Laws 8 (14):1-20 (2019)

Authors
Dr Suleman Lazarus
University of Portsmouth (PhD)
Abstract
While this article aims to explore the connections between citizenship and ‘race’, it is the first study to use fictional tools as a sociological resource in exemplifying the deviation between citizenship in principle and practice in an Austrian context. The study involves interviews with 73 Austrians from three ethnic/racial groups, which were subjected to a directed approach to qualitative content analysis and coded based on sentences from George Orwell’s fictional book, ‘Animal Farm’. By using fiction as a conceptual and analytical device, this article goes beyond the orthodox particulars of citizenship to expose the compressed entitlements of some racial/ethnic minorities.

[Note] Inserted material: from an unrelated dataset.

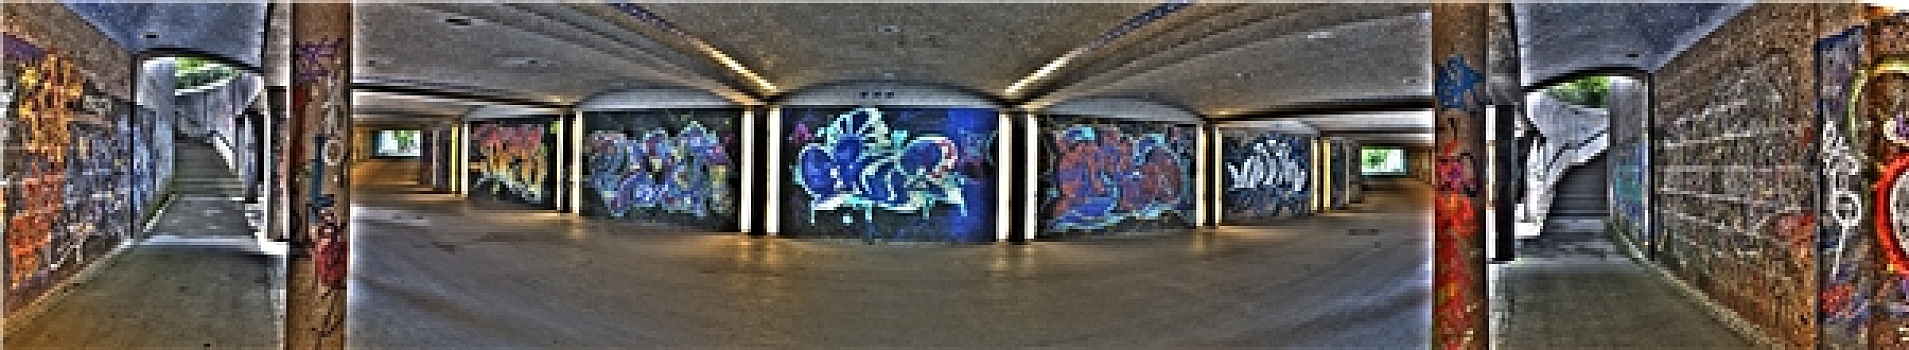 隧道,涂鸦,全景
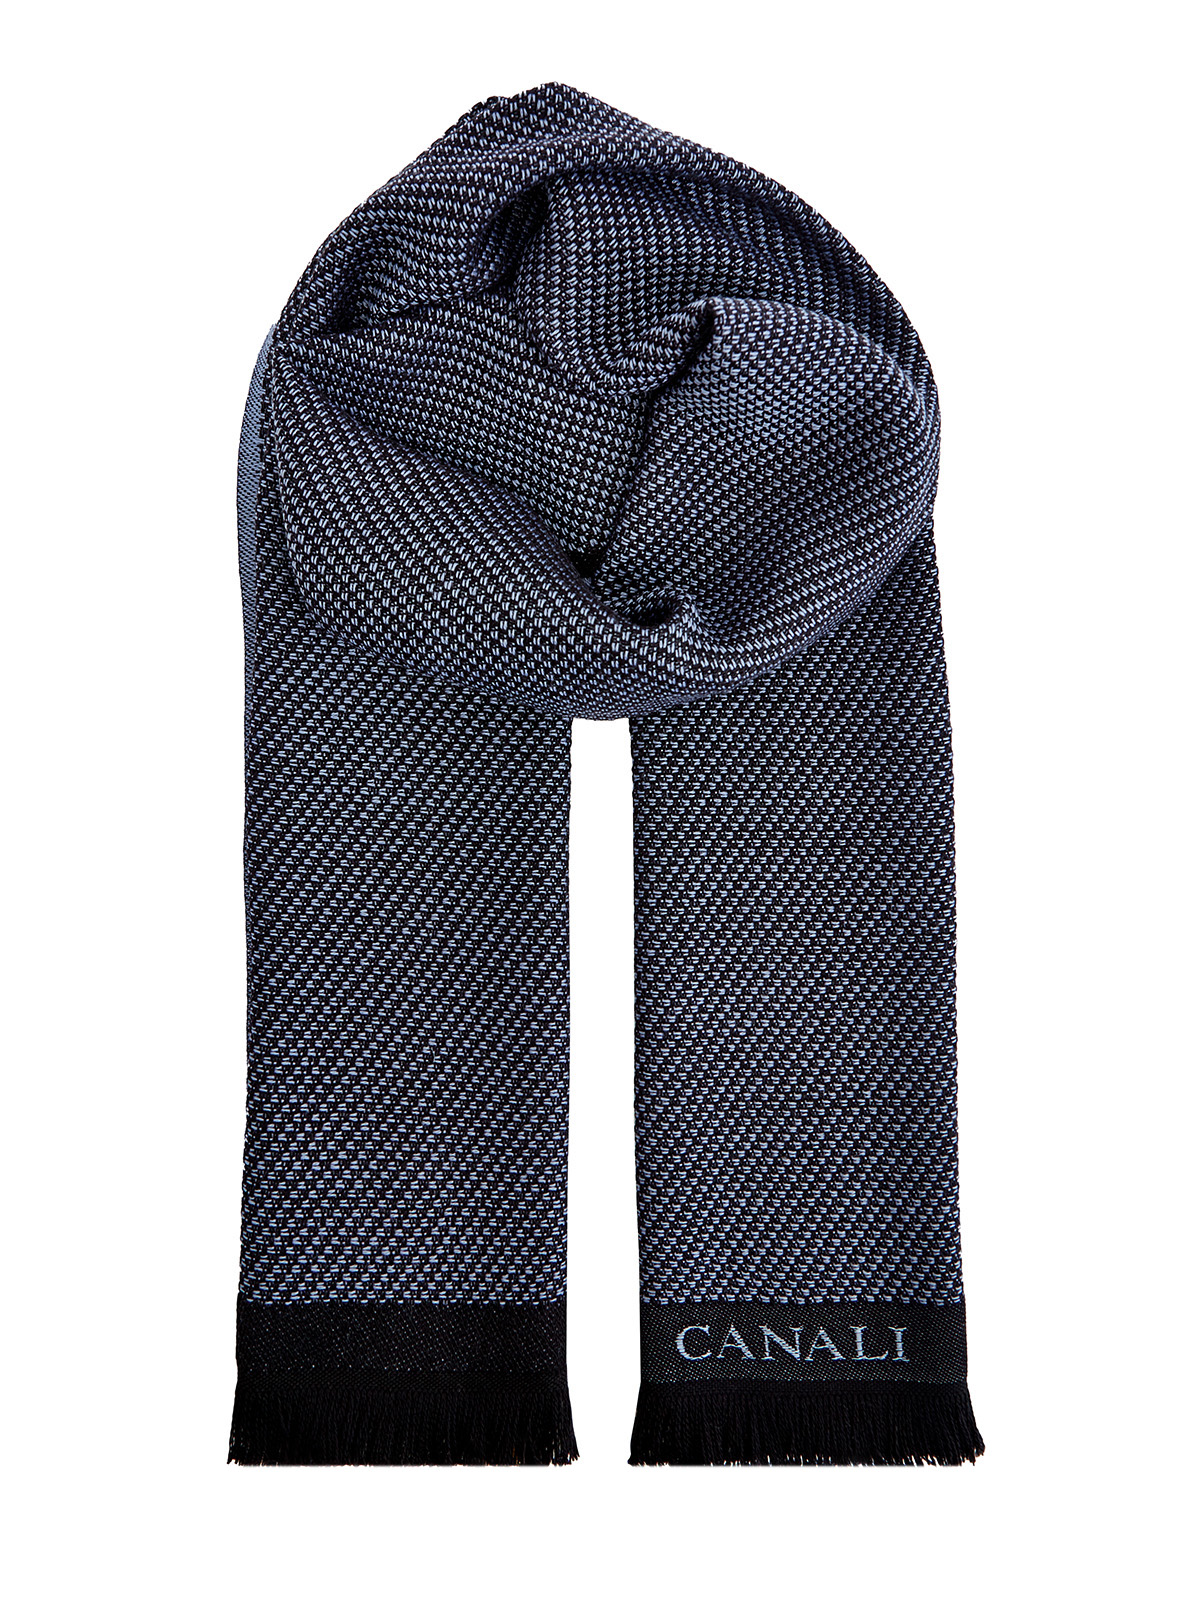 Шерстяной шарф с логотипом ручной работы CANALI, цвет синий, размер 41.5;44;45 - фото 1

In particular, data analysis revealed two related and intertwined central themes: (a) “all animals are not equal or comrades”; and (b) “some animals are more equal than others”. All ‘animals’ may be equal in principle, whereas, in practice, their ‘race’ serves as a critical source of social (dis)advantage in the ‘animal kingdom’. Thus, since citizenship is a precondition for possessing certain rights that non-citizens are not granted, I argue that citizenship cannot only be judged by whom it, in theory, excludes (i.e., non-citizens), but also by how it treats the included (i.e., citizens) on the basis of their ‘race’. I conclude that skin colour is a specific aspect of the hierarchy of citizenship in Austria, which reinforces that ‘some animals are more equal than others’.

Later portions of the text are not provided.